Applications of deep learning and time-series analysis in dynamic process optimization and decision making

Abstract

Deep learning (DL), a subset of Artificial Intelligence (AI), has introduced promising methods for modeling, dynamic optimization, and advanced control of complex chemical processes. More advanced DL approaches, such as Recurrent Neural Networks (RNNs), offered a new perspective in modeling process dynamics by treating the modeling problem as a time-series prediction task, allowing RNNs to learn and find temporal patterns in process data. Several types of RNNs have been proven to be efficient in learning the temporal correlations in chemical process dynamics. For instance, Long Short-Term Memory (LSTM) networks, capable of handling long data sequences, offer a robust time-series modeling of process data. The application of DL methods is not only limited to data-driven system identification but also are useful in complex multi-scale model reduction. In multi-scale modeling, the thermodynamic and kinetical parameters of the system are computed through non-continuum modeling. Despite the efficiency of this approach, their high computational demands prevent their applicability for real-time decision-making.
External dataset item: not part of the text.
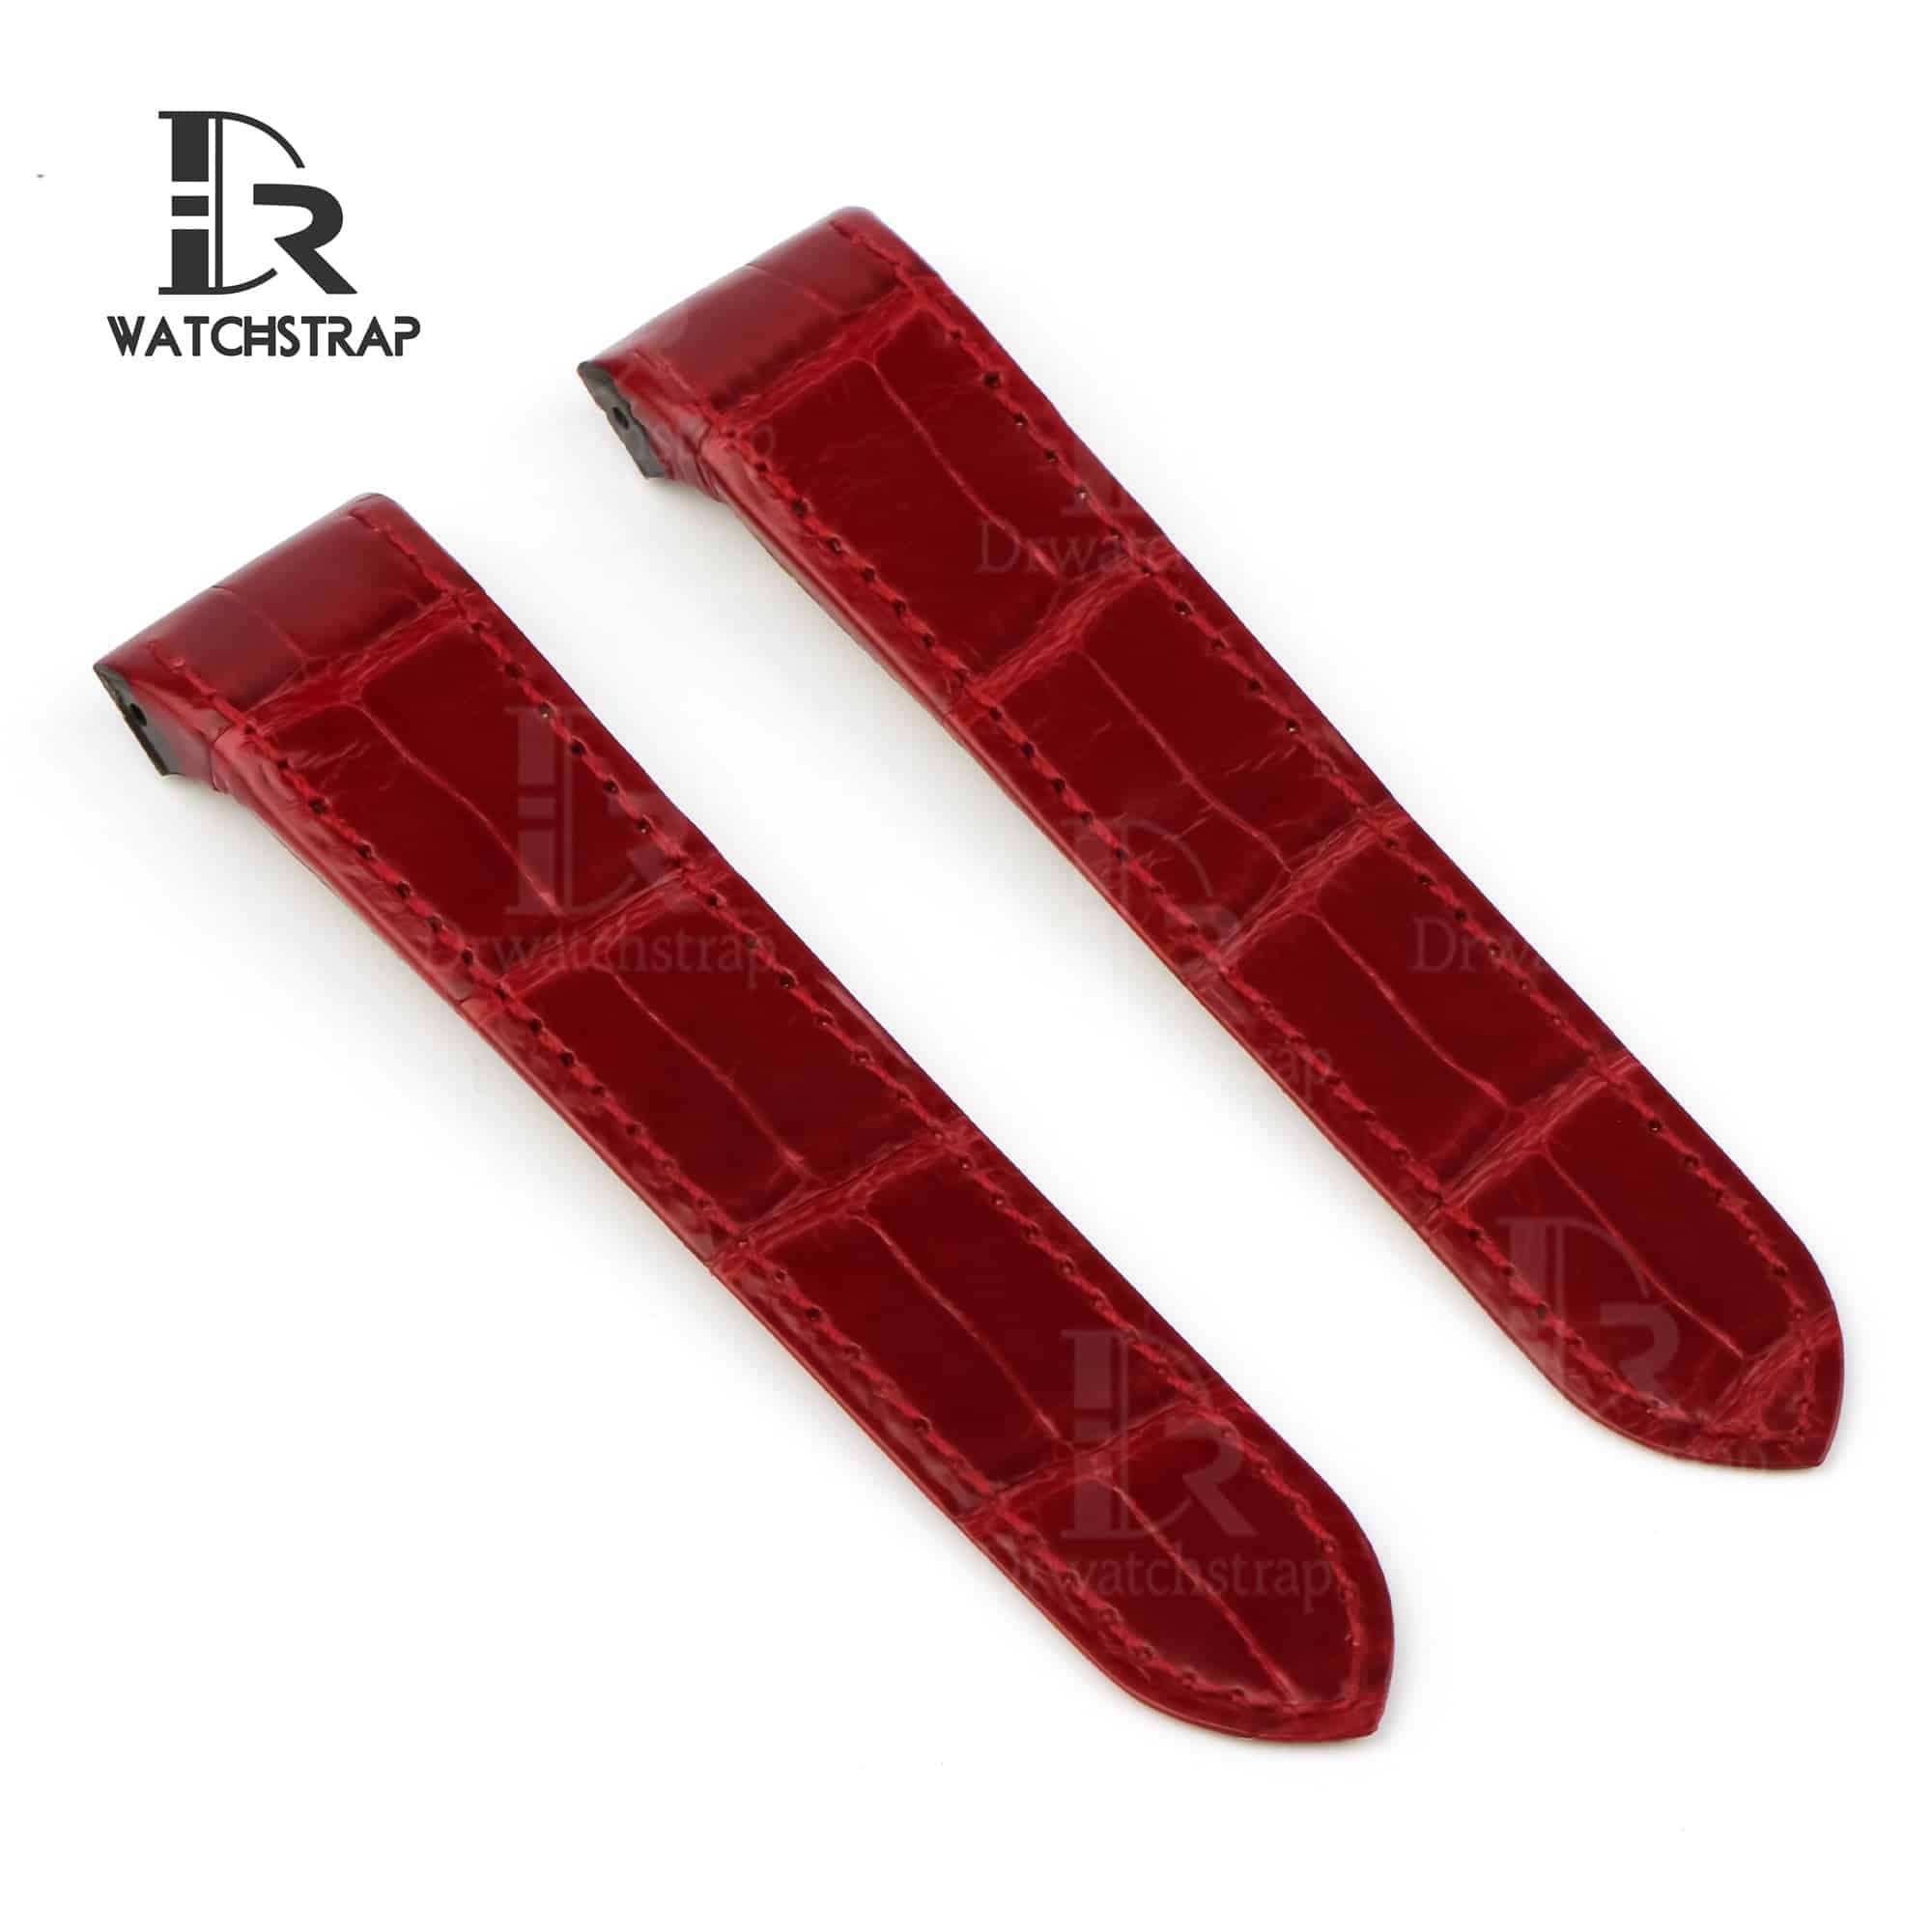 Custom handmade best quality replacement Red America Alligator crocodile leather Cartier Santos 100 watch straps and watch bands for Cartier Santos 100 Medium Large Chronograph XL size watches - OEM aftermarket high-end leather watchbandx and strap online at a low price

In this thesis, we present two distinct case studies to demonstrate the practicality of deep learning in facilitating real-time decision-making. We aim to highlight the effective application of DL methodologies in addressing large-scale challenges characterized by complex nonlinear dynamics and stochastic behaviors. Through these investigations, the case studies illuminate the versatility and efficacy of deep learning techniques in navigating and solving complex problems within dynamic environments. The first case study is focused on the critical aspects and importance of ammonia and the need to decarbonize its production. This has motivated us to develop a real-time dynamic optimization and control framework based on deep learning for an industrial ammonia synthesis packed-bed reactor aimed at sustainable green ammonia production. The second case study is focused on the applicability of DL methods for the dynamic modeling of soil water content. Precise dynamic predictions of soil water content are key to managing the harmful effects of global warming and facilitating real-time agricultural decision-making. In this study, we present a time-series data-driven perspective for predictive modeling of soil water content that outperforms existing soil physics-based models and is practical for real-time agricultural decision-making.